*What you will do*. Say how many lines in the entries below have the word "Image" in them, giving only the number.

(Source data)
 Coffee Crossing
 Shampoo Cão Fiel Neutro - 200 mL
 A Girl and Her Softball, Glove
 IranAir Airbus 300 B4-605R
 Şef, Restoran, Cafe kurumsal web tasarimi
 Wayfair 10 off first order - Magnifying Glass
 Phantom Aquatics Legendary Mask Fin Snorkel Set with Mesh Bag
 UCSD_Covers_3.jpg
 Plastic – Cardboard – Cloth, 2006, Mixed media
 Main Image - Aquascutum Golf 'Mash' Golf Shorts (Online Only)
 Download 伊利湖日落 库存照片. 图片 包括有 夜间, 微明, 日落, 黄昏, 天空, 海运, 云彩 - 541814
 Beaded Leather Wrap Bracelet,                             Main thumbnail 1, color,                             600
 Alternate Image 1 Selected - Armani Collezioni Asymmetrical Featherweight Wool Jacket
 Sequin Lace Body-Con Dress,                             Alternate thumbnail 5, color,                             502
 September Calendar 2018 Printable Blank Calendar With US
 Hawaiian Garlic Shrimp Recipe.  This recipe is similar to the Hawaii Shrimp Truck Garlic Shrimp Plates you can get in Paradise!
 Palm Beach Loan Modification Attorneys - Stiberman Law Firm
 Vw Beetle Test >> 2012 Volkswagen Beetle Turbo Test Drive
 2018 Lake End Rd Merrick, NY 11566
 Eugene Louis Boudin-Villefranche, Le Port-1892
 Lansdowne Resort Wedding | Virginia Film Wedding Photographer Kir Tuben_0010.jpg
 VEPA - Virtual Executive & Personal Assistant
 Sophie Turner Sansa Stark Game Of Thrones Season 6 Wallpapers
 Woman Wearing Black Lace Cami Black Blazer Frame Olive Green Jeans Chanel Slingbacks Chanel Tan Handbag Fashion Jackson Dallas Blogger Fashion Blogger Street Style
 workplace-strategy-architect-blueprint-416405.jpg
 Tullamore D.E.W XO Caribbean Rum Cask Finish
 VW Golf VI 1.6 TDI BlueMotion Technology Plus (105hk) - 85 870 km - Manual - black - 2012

*Completed exercise*. 2